Che cosa perde la F1, che cosa perde lo sport, che cosa perdono i tifosi italiani, che cosa perdono i ferraristi? Nico Rosberg è la summa di quello che dovrebbe essere un pilota. Egoista e generoso. Schietto e misterioso, coraggioso e romantico. E poi è quasi uno di noi. «Io mi sento molto italiano», dice, «tutti i miei amici sono italiani» ripete, «voi non avete idea di quanto italiana sia stata la mia festa ad Abu Dhabi, erano venuti giù tutti i miei compagni di Milano e Monte Carlo e dei tempi del go kart... Gli avevo detto guai gente, non fatevi vedere, sono troppo preso e invece erano tutti al Gp per me».

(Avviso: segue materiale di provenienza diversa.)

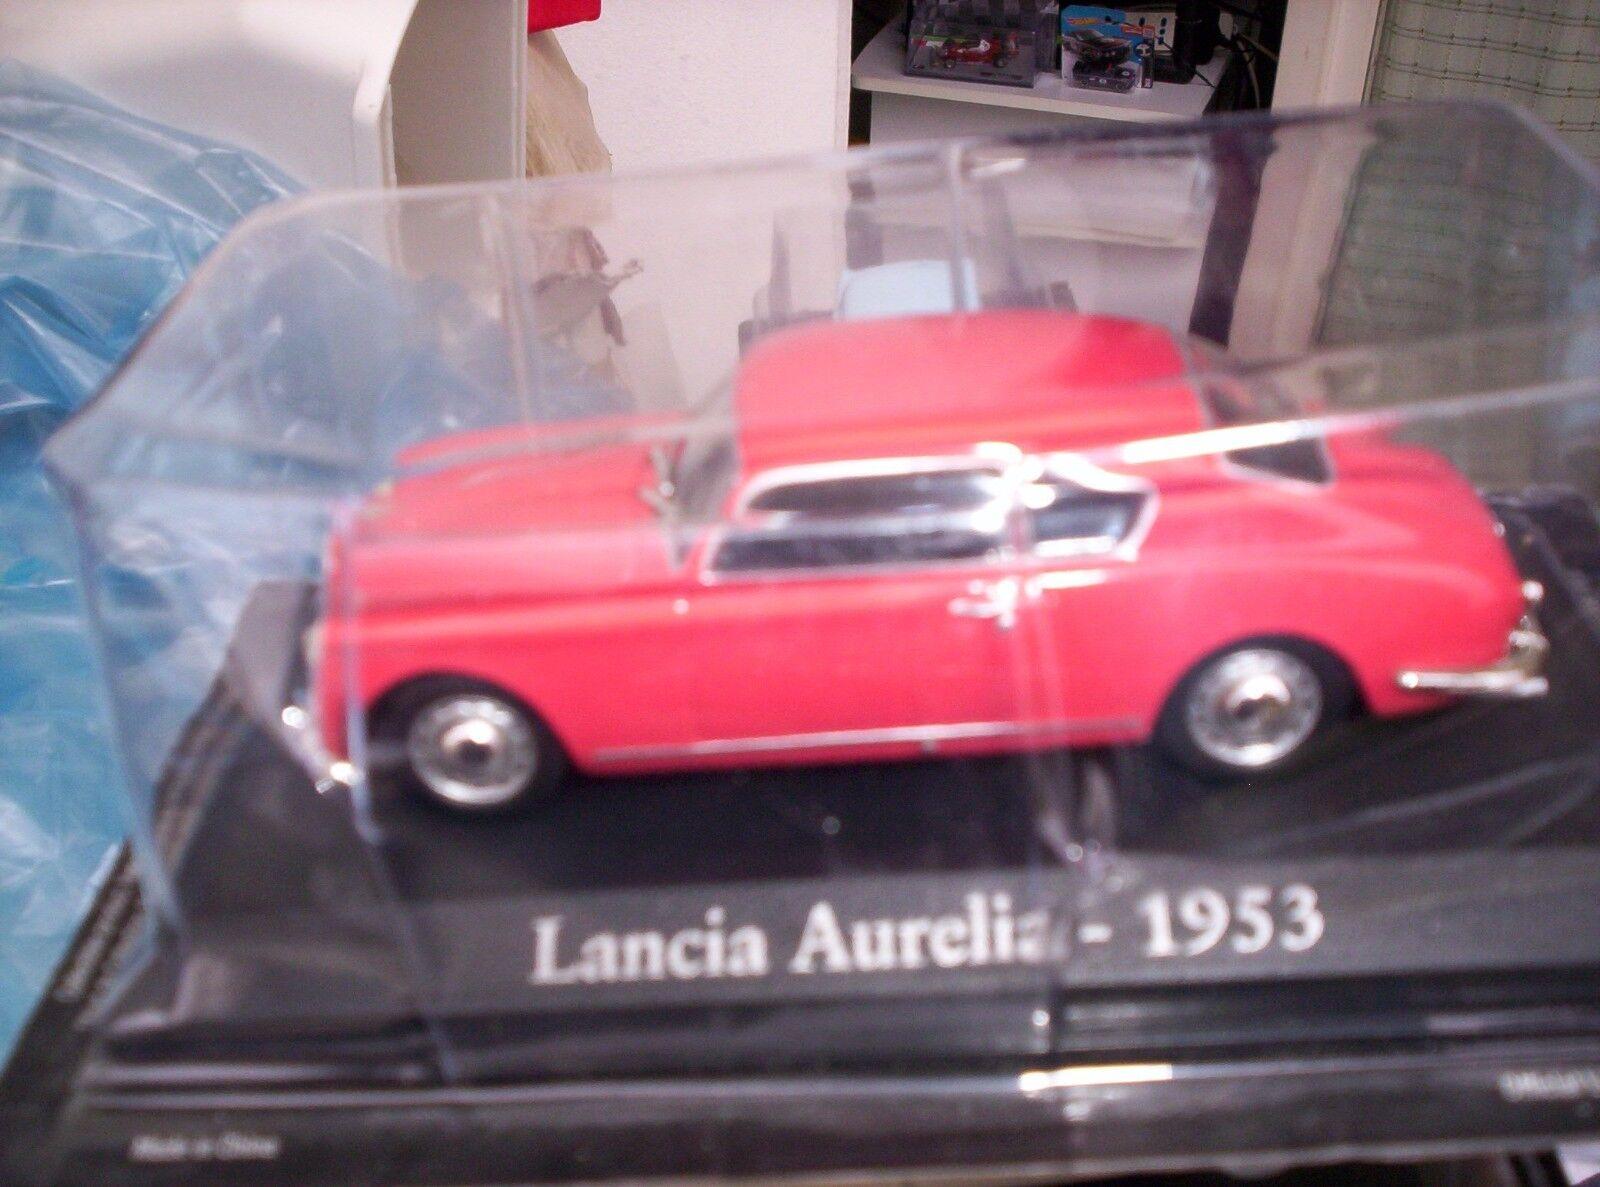 LANCIA AURELIA - 1953 1953 1953 - SCALA 1 43  precios mas baratos

Parole in italiano, ricordi in italiano, ma più di tutto fatti. Nico non si riempie la bocca con tanti bla bla. Mondiale vinto, giro del mondo per promuovere la Mercedes, voli su voli, l'annuncio del ritiro choc, poi aereo per Bologna, nebbia, dice al comandante del suo jet di cambiare scalo, punta su Firenze, auto, Appennino, veloce e di corsa come ad Abu Dhabi. Tutto pur di ritirare il premio, qui a Bologna, il Casco d'oro di campione del mondo della rivista Autosprint. «Proprio come papà, tanti anni fa». E un aneddoto rende a meraviglia che persona sia questo trentunenne figlio del mondo. Da una vita questo prestigioso premio veniva snobbato dai campioni del mondo dei team stranieri, l'ultimo a ritirarlo era stato Kimi Raikkonen, nel 2007, iridato sulla Ferrari. «Però io lo volevo questo premio, anche perché era da 34 anni che lo notavo sulla scrivania di mio papà Keke, per cui...»
La F1, lo sport, i tifosi italiani, la Ferrari, tutti perdono qualcosa con il suo addio delle corse. La Rossa in primis perché, statene certi, il Cavallino, con i suoi tempi, stava galoppando verso Rosberg. Tutti perdono. Vince solo lui. «Mi emoziona sapere che ci sono famiglie, padri, madri che in questi giorni mi hanno indicato ad esempio per la scelta fatta di lasciare dopo aver raggiunto il mio sogno», ammette quasi imbarazzato.
Nessun ripensamento, nessun rimpianto, solo serenità. «Adesso penso solo a partire per le vacanze, a ridare un marito a mia moglie e un padre a mia figlia. Per il resto mi tengo stretti i biglietti che ho in tasca, direzione Caraibi, e sapete una cosa? Non ho preso i voli di ritorno». Il sorriso lo abbandona solo quando gli tocca ricordare i momenti cruciali della gara di Abu Dhabi, il trenino, Hamilton a far da tappo. Dice: «Non avete idea del livello di tensione che c'era, è stato terribile, guidavo sapendo che al minimo errore sarebbe stato tutto perduto... poi mi sono ritrovato il caro Max (Verstappen) lì davanti, sempre imprevedibile, sempre difficile da superare, e via, ce l'ho fatta, però che rischi. E poi e ancora e soprattutto, proprio quando pensavo ok adesso mi metto qui tranquillo e faccio gli ultimi giri buonino buonino dietro Lewis, ecco che il mio caro compagno di team si mette a rallentare».
Torna a sorridere. «Ma ce l'ho fatta. Il sogno era lì, e l'ho afferrato. E sono fiero di me. Perché, credetemi, nel 2014 avevo perso il mondiale dopo essere stato in vetta a lungo, nel 2015 una stagione difficile, e riuscire a rimettersi in sesto dopo batoste del genere è davvero dura... Chi mi ha aiutato? Quest'anno mi sono affidato a un mental coach ed è stato fondamentale».
E adesso? «No, no, correre in altre categorie per ora no. Adesso sfogherò la mia voglia di adrenalina in famiglia, certo, troverò altre sfide, sto già pensando a molte cose. Ed è qui che spiazza di nuovo tutti e un po' li fa reinnamorare tutti. L'uomo che sogna dice col candore del vicino simpatico di casa: «ho aperto una gelateria a Ibiza....», ride... «però non è che mi metto lì a vendere gelati. Ma ce l'ho, è mia...
Quanto al toto sostituto in Mercedes (il boss Wolff ha ammesso che sta provando con Alonso, ndr), beh, mi piacerebbe fosse uno fortissimo, così da rendere dura la vita al mio amico Lewis» Amico? «Lo eravamo, lo torneremo. Non puoi essere amico quando lotti a trecento all'ora».